Here is a further paradox: Human development and self- awareness is greatly advanced by our increasing grasp of, for example, the behaviour of a pride of lions, whilst concurrently human activity is disowning our behavioural inheritance, attempting to airbrush-out our animal instincts. Instead of some greater vision of what we could learn from wildlife, we are retreating to our anti-social habitat and then claiming we are superior. Hobbes was terrified by ‘a state of nature’, where no fabric of society is present and violent chaos prevails. But ‘Tiger tiger burning bright’ should enlighten us rather than burden us with fears of Golding’s ‘Lord of the Flies’ and Bertrand Russell’s despair at man’s capacity for self-destruction.
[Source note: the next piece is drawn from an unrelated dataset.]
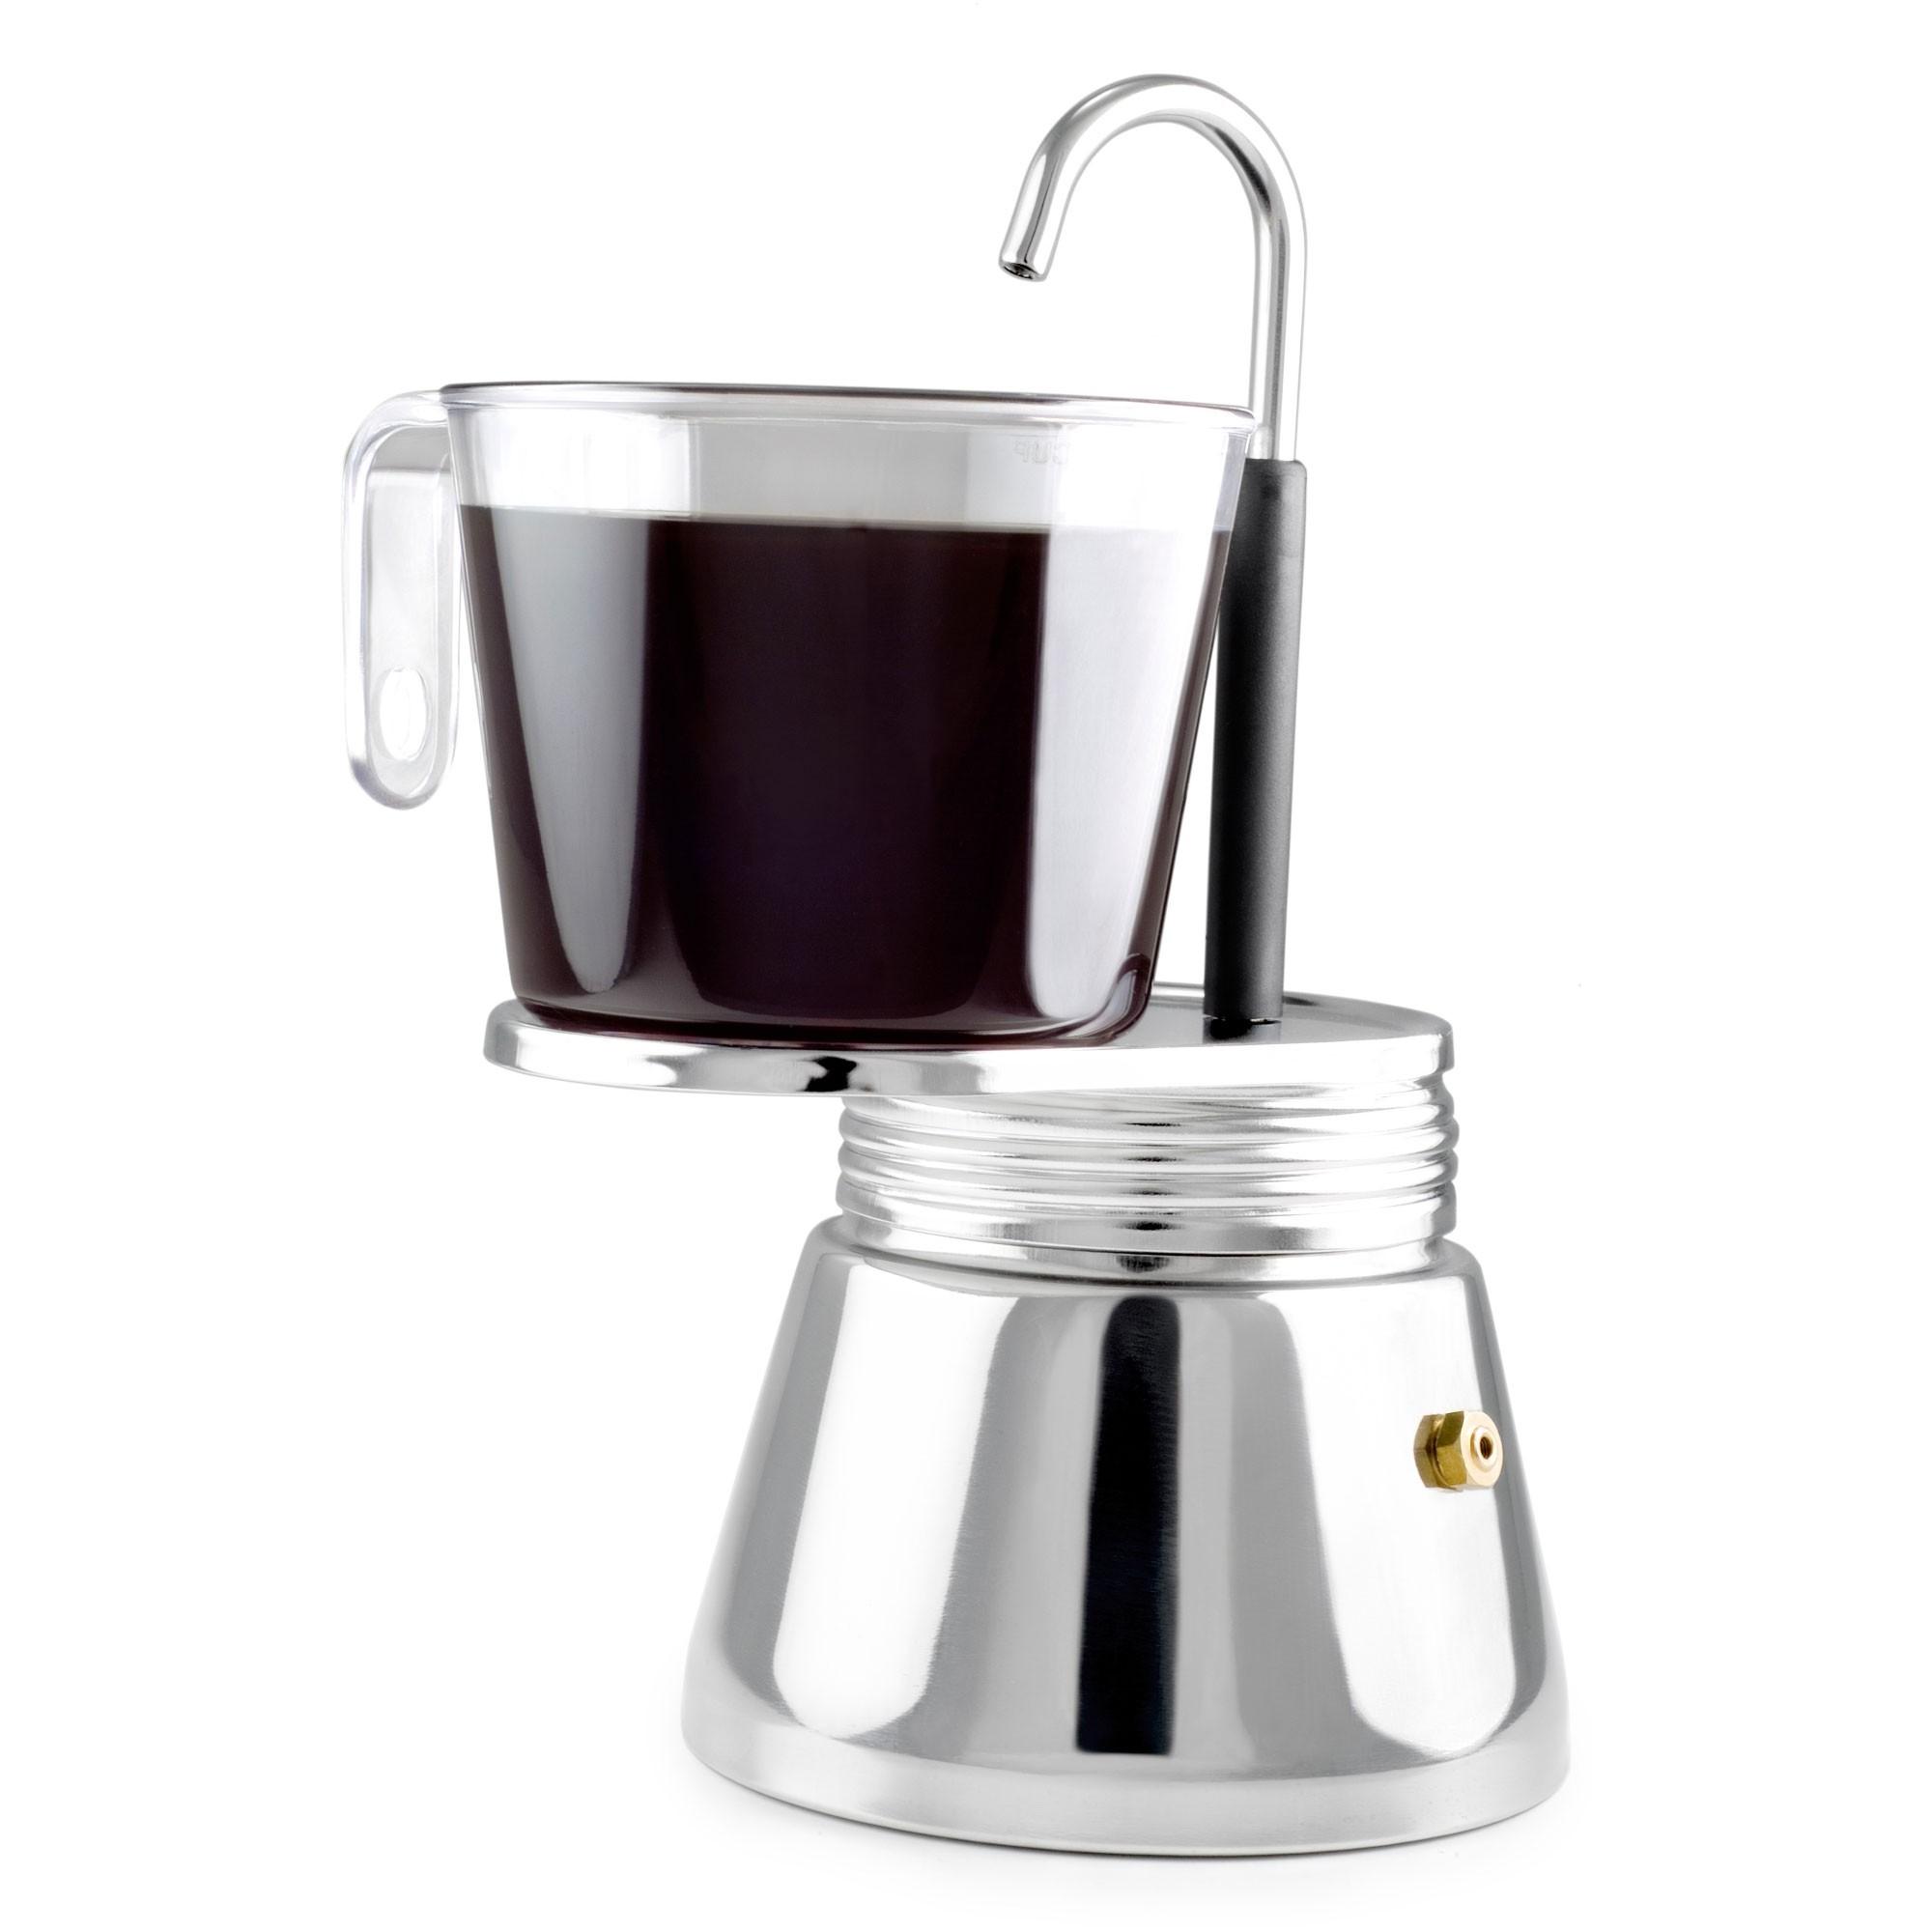 GSI-Glacier-Stainless-4-Cup-Mini-Espresso-3-g-2000px-S16
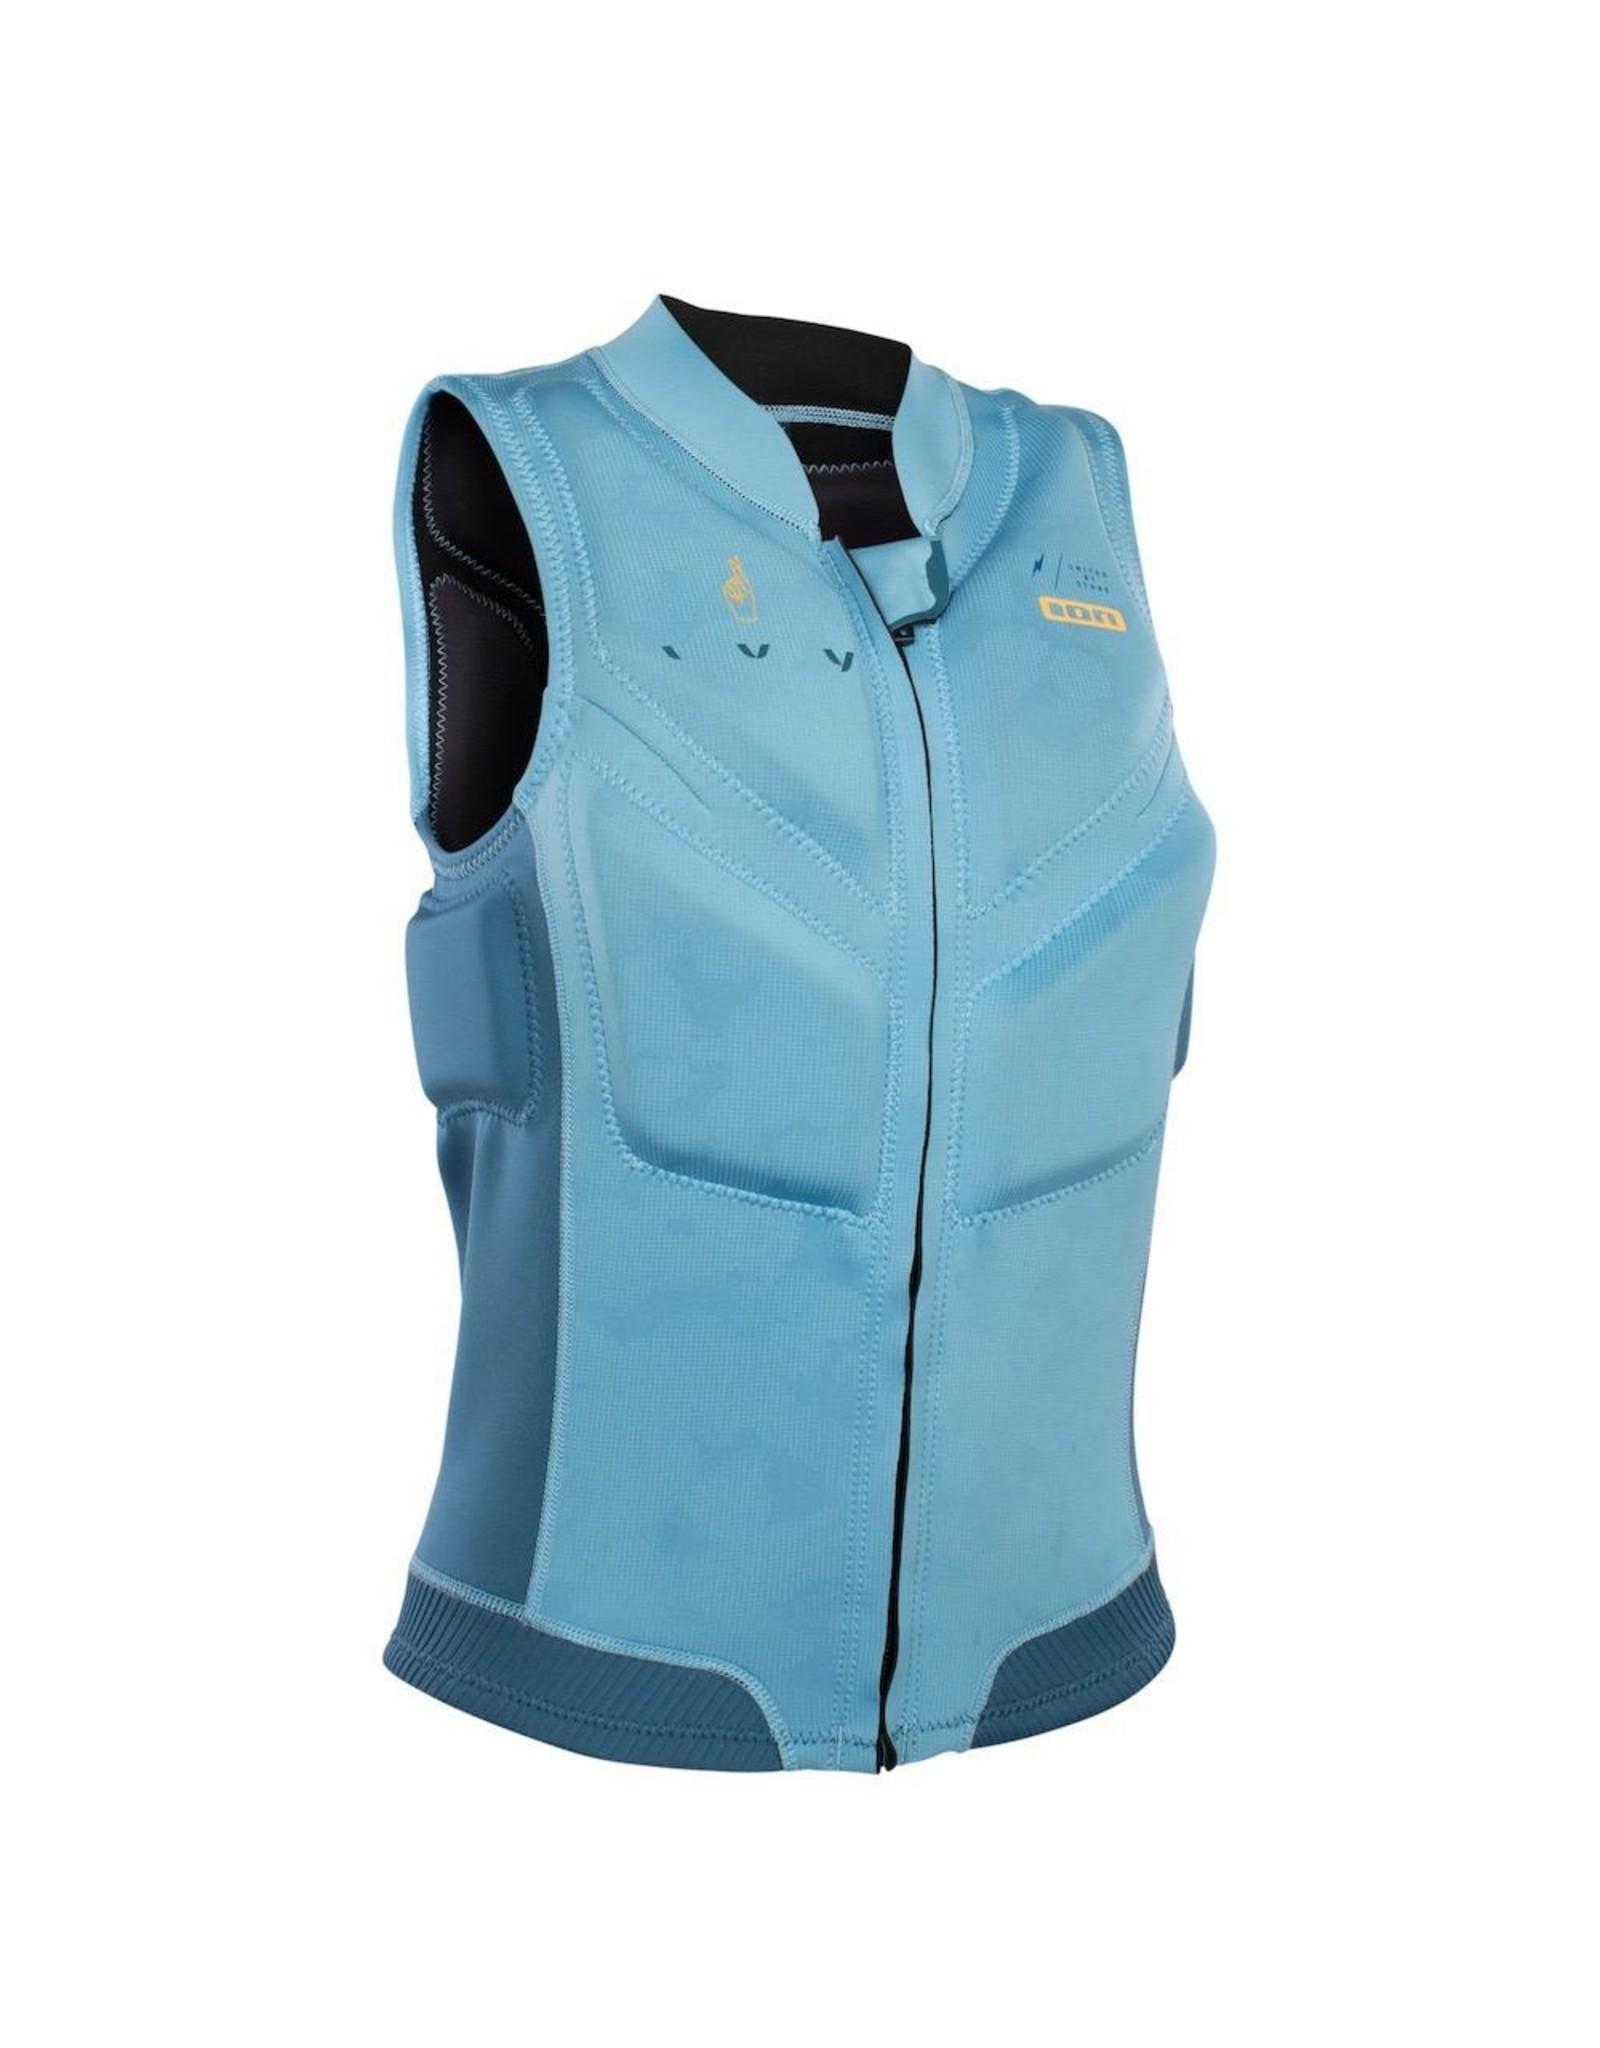 Ion - Ivy Vest Women FZ - 140/10 - Sky Blue

Ironically the difference of lawless mob rule in the French Revolution under Robespierre, and the genocide of Rwanda more recently sharply contrasts with a Pride of Lions; here there is a social order, a leader of the pack, a chain of command that hunts with almost regimented precision and mutual benefit.

So how can humans mutilate intelligent ‘relatives’ for body parts? How can humans offend the food chain? Why can’t humans only hunt what they eat? The market in the human habitat is for dubious medicinal purposes, even based on superstition. A Pride of lions is not superstitious or irrational, but wild – that is it has true freedom to roam, taking only what it needs from the environment, and leaving the remnants of a ‘kill’ to the rest of the foodchain. This management by nature is inclusive and self-sustaining. Greed, corruption and perverse irresponsibility of the poacher is an anti-social behaviour of envy, social anxiety and behavioural repression, reflecting Man’s inability to deal with himself and his failings.

But I’m an artist, and I’ll leave the political resolutions of such issues to those who can’t do anything else. Let us hope that they won’t be hunted to the point of extinction.